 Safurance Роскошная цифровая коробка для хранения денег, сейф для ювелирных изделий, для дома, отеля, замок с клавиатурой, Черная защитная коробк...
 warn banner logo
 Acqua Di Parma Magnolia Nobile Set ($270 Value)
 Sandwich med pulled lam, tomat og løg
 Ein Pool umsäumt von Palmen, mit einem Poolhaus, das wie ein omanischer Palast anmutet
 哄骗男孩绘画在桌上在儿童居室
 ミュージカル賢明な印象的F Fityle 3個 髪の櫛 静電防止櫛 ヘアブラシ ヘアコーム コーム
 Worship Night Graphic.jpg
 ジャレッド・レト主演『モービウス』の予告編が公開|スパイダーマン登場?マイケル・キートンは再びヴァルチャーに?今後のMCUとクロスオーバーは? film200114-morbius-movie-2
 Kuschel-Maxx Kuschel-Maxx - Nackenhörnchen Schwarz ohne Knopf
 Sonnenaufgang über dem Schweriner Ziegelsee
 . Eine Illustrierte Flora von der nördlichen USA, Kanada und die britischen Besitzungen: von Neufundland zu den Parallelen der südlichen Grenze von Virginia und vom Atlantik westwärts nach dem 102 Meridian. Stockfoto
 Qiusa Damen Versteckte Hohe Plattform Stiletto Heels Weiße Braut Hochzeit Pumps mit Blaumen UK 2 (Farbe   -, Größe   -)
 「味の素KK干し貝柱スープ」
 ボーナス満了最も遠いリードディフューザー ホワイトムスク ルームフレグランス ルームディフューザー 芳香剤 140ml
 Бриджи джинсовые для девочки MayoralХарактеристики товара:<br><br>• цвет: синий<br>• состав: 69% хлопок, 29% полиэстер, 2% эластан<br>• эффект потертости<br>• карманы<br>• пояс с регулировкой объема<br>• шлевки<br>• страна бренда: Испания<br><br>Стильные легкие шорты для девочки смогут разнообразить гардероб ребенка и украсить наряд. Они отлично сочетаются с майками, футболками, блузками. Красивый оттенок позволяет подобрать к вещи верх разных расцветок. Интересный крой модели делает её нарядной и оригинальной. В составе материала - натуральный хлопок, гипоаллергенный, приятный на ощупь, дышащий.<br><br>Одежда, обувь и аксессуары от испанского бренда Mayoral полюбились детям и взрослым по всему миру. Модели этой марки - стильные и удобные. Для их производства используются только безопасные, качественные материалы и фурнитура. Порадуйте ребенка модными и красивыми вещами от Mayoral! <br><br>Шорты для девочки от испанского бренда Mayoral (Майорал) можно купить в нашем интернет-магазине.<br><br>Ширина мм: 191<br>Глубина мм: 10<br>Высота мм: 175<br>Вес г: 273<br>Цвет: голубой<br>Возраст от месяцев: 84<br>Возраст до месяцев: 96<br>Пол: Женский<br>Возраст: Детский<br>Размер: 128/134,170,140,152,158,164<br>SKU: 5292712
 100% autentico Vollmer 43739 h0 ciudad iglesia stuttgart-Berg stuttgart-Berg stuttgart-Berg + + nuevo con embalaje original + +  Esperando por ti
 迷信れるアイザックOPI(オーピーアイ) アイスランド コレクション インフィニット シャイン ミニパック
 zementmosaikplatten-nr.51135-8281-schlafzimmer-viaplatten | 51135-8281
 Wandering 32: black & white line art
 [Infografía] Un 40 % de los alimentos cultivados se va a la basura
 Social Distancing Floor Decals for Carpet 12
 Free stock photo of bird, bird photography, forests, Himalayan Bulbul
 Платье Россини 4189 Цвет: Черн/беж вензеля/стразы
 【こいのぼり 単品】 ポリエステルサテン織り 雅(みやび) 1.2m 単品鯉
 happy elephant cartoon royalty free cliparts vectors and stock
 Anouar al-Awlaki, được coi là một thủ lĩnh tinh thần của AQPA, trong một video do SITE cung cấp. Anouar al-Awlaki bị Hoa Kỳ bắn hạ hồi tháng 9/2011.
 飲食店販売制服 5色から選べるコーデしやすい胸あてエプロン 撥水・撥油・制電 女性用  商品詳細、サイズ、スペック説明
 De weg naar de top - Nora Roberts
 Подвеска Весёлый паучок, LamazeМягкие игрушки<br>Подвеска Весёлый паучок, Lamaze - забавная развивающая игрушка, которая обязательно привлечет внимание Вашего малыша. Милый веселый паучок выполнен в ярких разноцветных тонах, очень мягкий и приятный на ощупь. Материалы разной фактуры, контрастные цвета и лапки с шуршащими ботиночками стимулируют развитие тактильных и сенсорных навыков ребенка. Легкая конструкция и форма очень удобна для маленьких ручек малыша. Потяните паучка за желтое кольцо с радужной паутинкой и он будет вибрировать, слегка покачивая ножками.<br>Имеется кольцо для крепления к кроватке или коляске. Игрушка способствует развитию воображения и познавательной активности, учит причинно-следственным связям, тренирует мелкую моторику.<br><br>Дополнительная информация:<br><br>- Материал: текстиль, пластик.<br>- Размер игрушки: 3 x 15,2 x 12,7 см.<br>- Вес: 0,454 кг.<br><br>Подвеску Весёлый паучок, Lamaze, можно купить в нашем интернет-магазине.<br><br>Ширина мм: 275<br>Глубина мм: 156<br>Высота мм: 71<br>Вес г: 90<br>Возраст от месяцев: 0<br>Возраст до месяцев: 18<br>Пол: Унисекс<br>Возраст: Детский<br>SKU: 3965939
——
All lines from the opening of the material through the line that contains "ボーナス満了最も遠いリードディフューザー ホワイトムスク ルームフレグランス" are to be printed exactly, with no others.

◆ Exercise response
 Safurance Роскошная цифровая коробка для хранения денег, сейф для ювелирных изделий, для дома, отеля, замок с клавиатурой, Черная защитная коробк...
 warn banner logo
 Acqua Di Parma Magnolia Nobile Set ($270 Value)
 Sandwich med pulled lam, tomat og løg
 Ein Pool umsäumt von Palmen, mit einem Poolhaus, das wie ein omanischer Palast anmutet
 哄骗男孩绘画在桌上在儿童居室
 ミュージカル賢明な印象的F Fityle 3個 髪の櫛 静電防止櫛 ヘアブラシ ヘアコーム コーム
 Worship Night Graphic.jpg
 ジャレッド・レト主演『モービウス』の予告編が公開|スパイダーマン登場?マイケル・キートンは再びヴァルチャーに?今後のMCUとクロスオーバーは? film200114-morbius-movie-2
 Kuschel-Maxx Kuschel-Maxx - Nackenhörnchen Schwarz ohne Knopf
 Sonnenaufgang über dem Schweriner Ziegelsee
 . Eine Illustrierte Flora von der nördlichen USA, Kanada und die britischen Besitzungen: von Neufundland zu den Parallelen der südlichen Grenze von Virginia und vom Atlantik westwärts nach dem 102 Meridian. Stockfoto
 Qiusa Damen Versteckte Hohe Plattform Stiletto Heels Weiße Braut Hochzeit Pumps mit Blaumen UK 2 (Farbe   -, Größe   -)
 「味の素KK干し貝柱スープ」
 ボーナス満了最も遠いリードディフューザー ホワイトムスク ルームフレグランス ルームディフューザー 芳香剤 140ml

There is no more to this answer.